Essere liberali non significa avere coscienze sopite. Non significa restare immobili mentre il dolore dilaga, né ridurre la libertà a un privilegio da difendere solo quando riguarda noi. Essere liberali vuol dire tenere viva la capacità di indignarsi, di sentire, di reagire.

Vuol dire riconoscere che i diritti fondamentali dell’uomo non appartengono a un popolo soltanto, ma sono universali e inviolabili. La difesa di quei diritti non è prerogativa di una bandiera politica piuttosto che di un’altra. Di fronte all’orrore di Gaza e della Palestina, come a quello delle tante altre terre ferite, non possiamo concederci il lusso dell’indifferenza. Un liberale autentico sa che la responsabilità non si esaurisce nell’amministrare il proprio presente. Significa sentirsi parte della vita degli altri, non lasciare che la sofferenza di un popolo resti confinata dietro le frontiere della nostra coscienza.
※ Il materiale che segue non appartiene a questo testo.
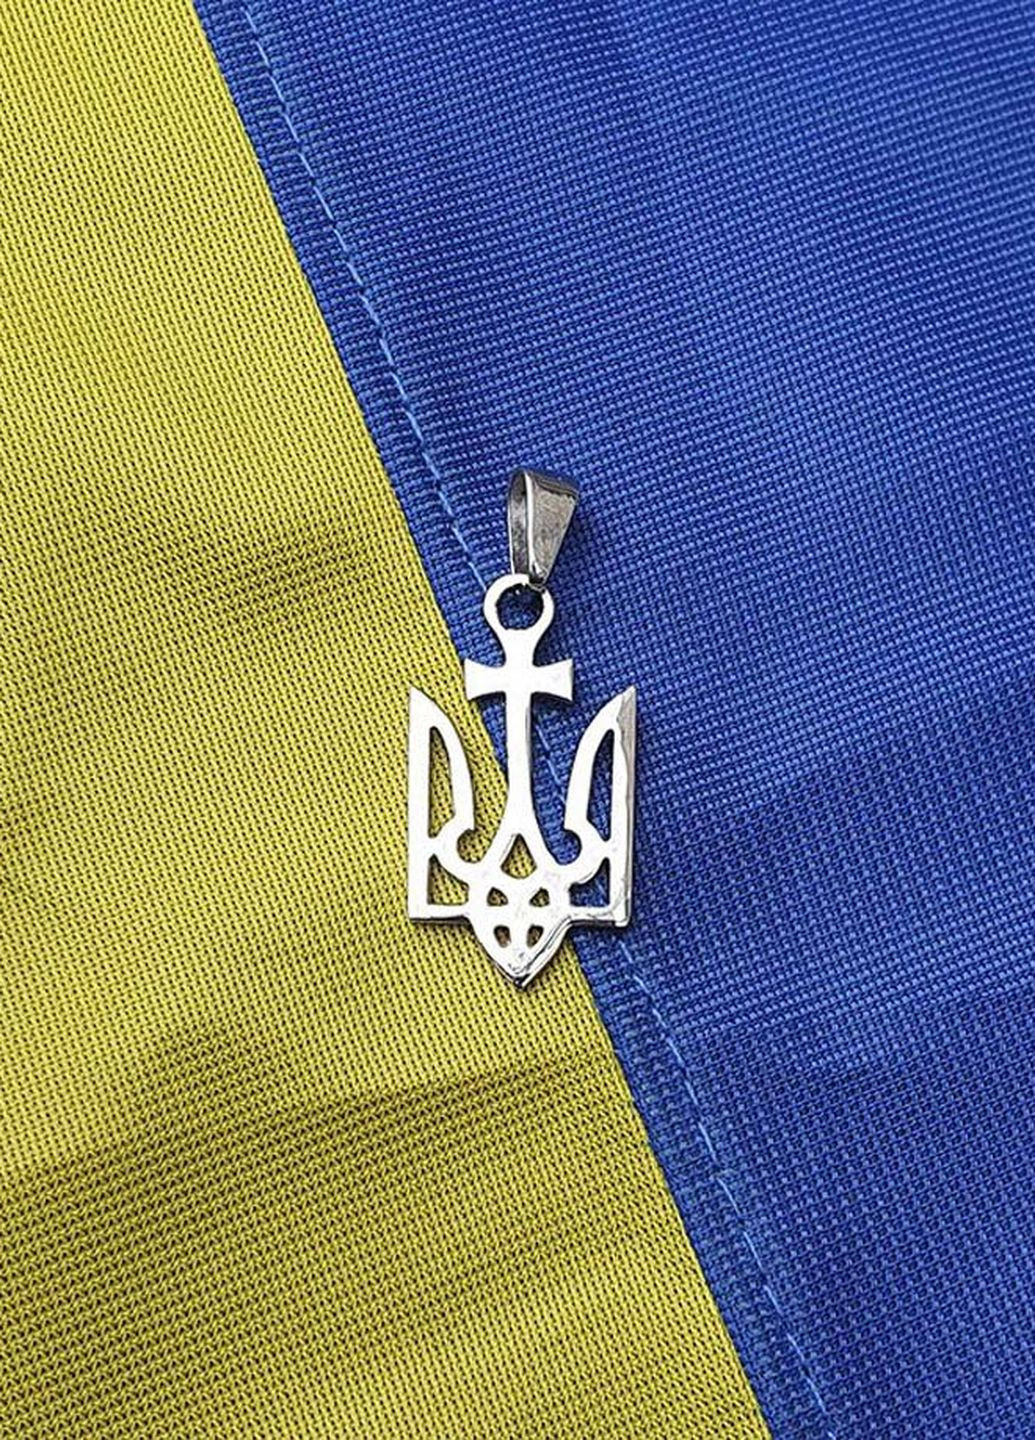 Кулон герб крест 9077 Maxi Silver (277756779)
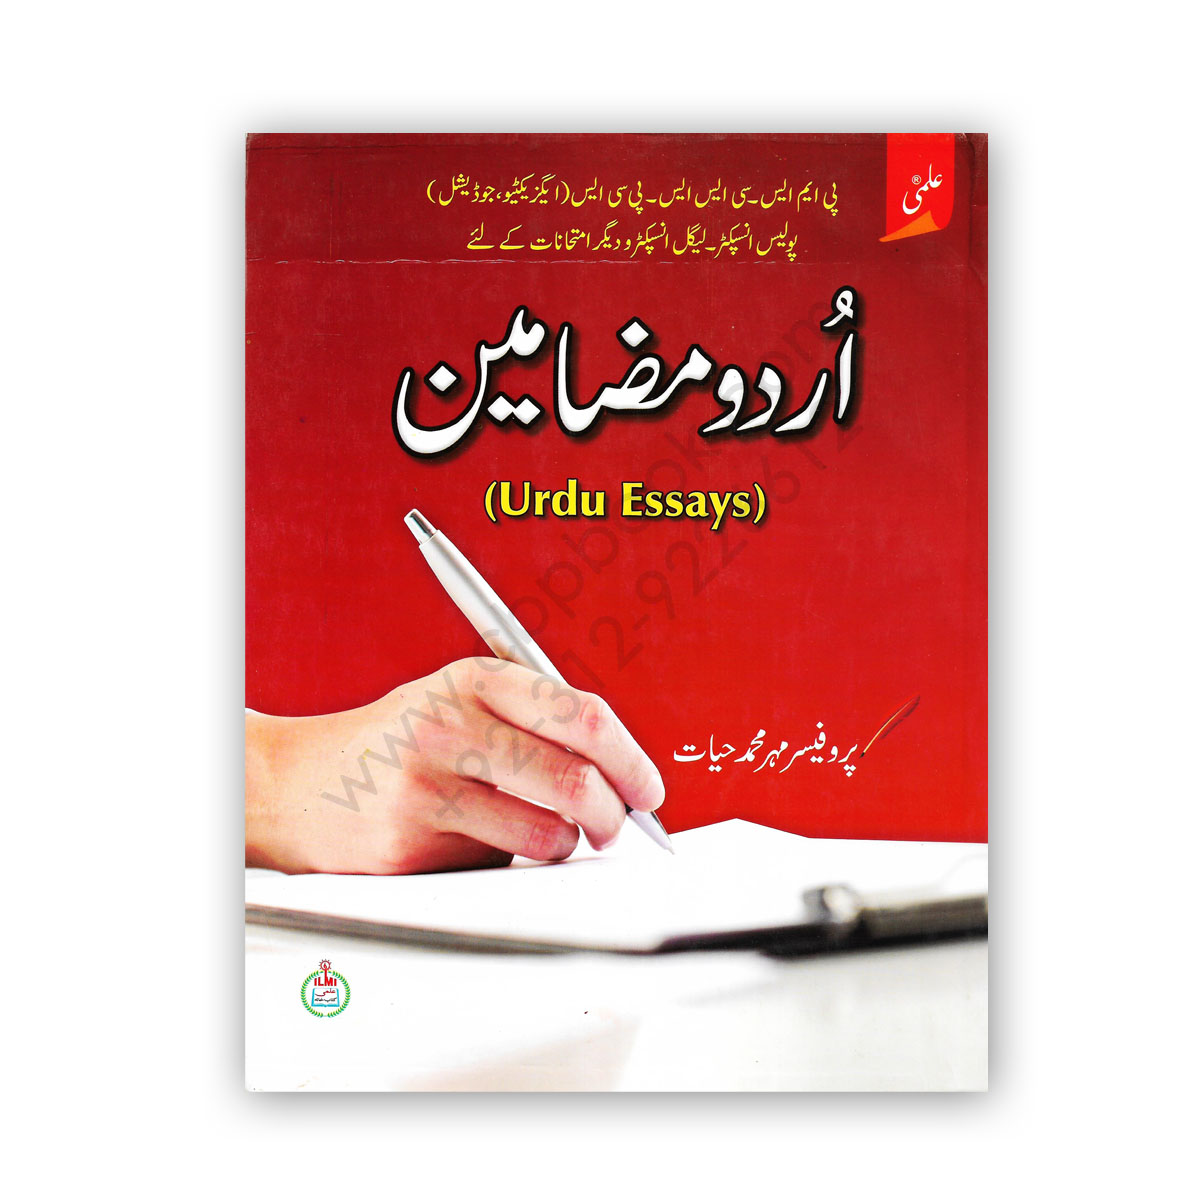 essay on urdu book

Da imprenditrice ho imparato che responsabilità non è soltanto rispondere di ciò che facciamo. È comprendere che ogni decisione porta con sé conseguenze che ricadono sugli altri. È accettare che il nostro operare non si limita al perimetro delle nostre scelte individuali, ma tocca comunità, famiglie, persone. La responsabilità vera, quella che ci interpella come cittadini e come donne e uomini liberi, è guardare le immagini del dolore e chiedersi prima di tutto: “Perché accade?”. Solo dopo, semmai, sospirare perché fortunatamente non è successo a noi. Questo è il passaggio che distingue la coscienza vigile dalla coscienza sopita, la democrazia viva dall’indifferenza.

La responsabilità non si ferma ai confini del nostro Paese: ci chiama a sentirci corresponsabili di ciò che accade nel mondo, anche quando non ci tocca direttamente. Corresponsabilità: una parola grande che spaventa, ma che restituisce il senso del nostro tempo. Un tempo in cui le crisi non hanno più confini. In cui le guerre non restano lontane. In cui la sofferenza di un popolo si riflette inevitabilmente sulla coscienza collettiva di tutti. Gaza è oggi il nome più evidente di questa corresponsabilità. Non serve essere esperti di geopolitica per capire che lì si consuma una tragedia umana di proporzioni inaccettabili.

Dietro ogni maceria c’è una vita spezzata, un futuro cancellato, un diritto negato. Un liberale non accetta che queste vite vengano trattate come “danni collaterali”. Non accetta che la ragion di Stato, le logiche di potere o la forza delle armi possano oscurare ciò che resta il fondamento di ogni ordine civile: la dignità della persona. Nessuna giustificazione politica, religiosa o economica può cancellare un diritto. Solo quando un diritto entra in conflitto con un altro, altrettanto fondamentale, è necessario bilanciare e decidere.

Gaza, come ogni luogo di guerra e oppressione, ci obbliga a prendere posizione. Essere liberali significa opporsi al cinismo che riduce i drammi a numeri. Significa dire che non ci sono vite sacrificabili. La neutralità non è consentita alle coscienze. La politica ha il dovere di andare oltre le parole di circostanza. L’Europa, l’Italia, le democrazie devono assumersi la responsabilità di agire, non solo di osservare. La pace non può essere rimandata o delegata. Gaza ci ricorda che la libertà degli individui si difende ogni giorno attraverso un esercizio di coscienza collettiva. E ci ricorda che la politica, se vuole essere all’altezza del suo nome, deve farsi carico di questo comune sentire trasformandolo in impegno. Perché essere liberali non significa avere coscienze tiepide. Significa considerare inaccettabile qualunque ingiustizia in qualunque parte del mondo, verso chiunque.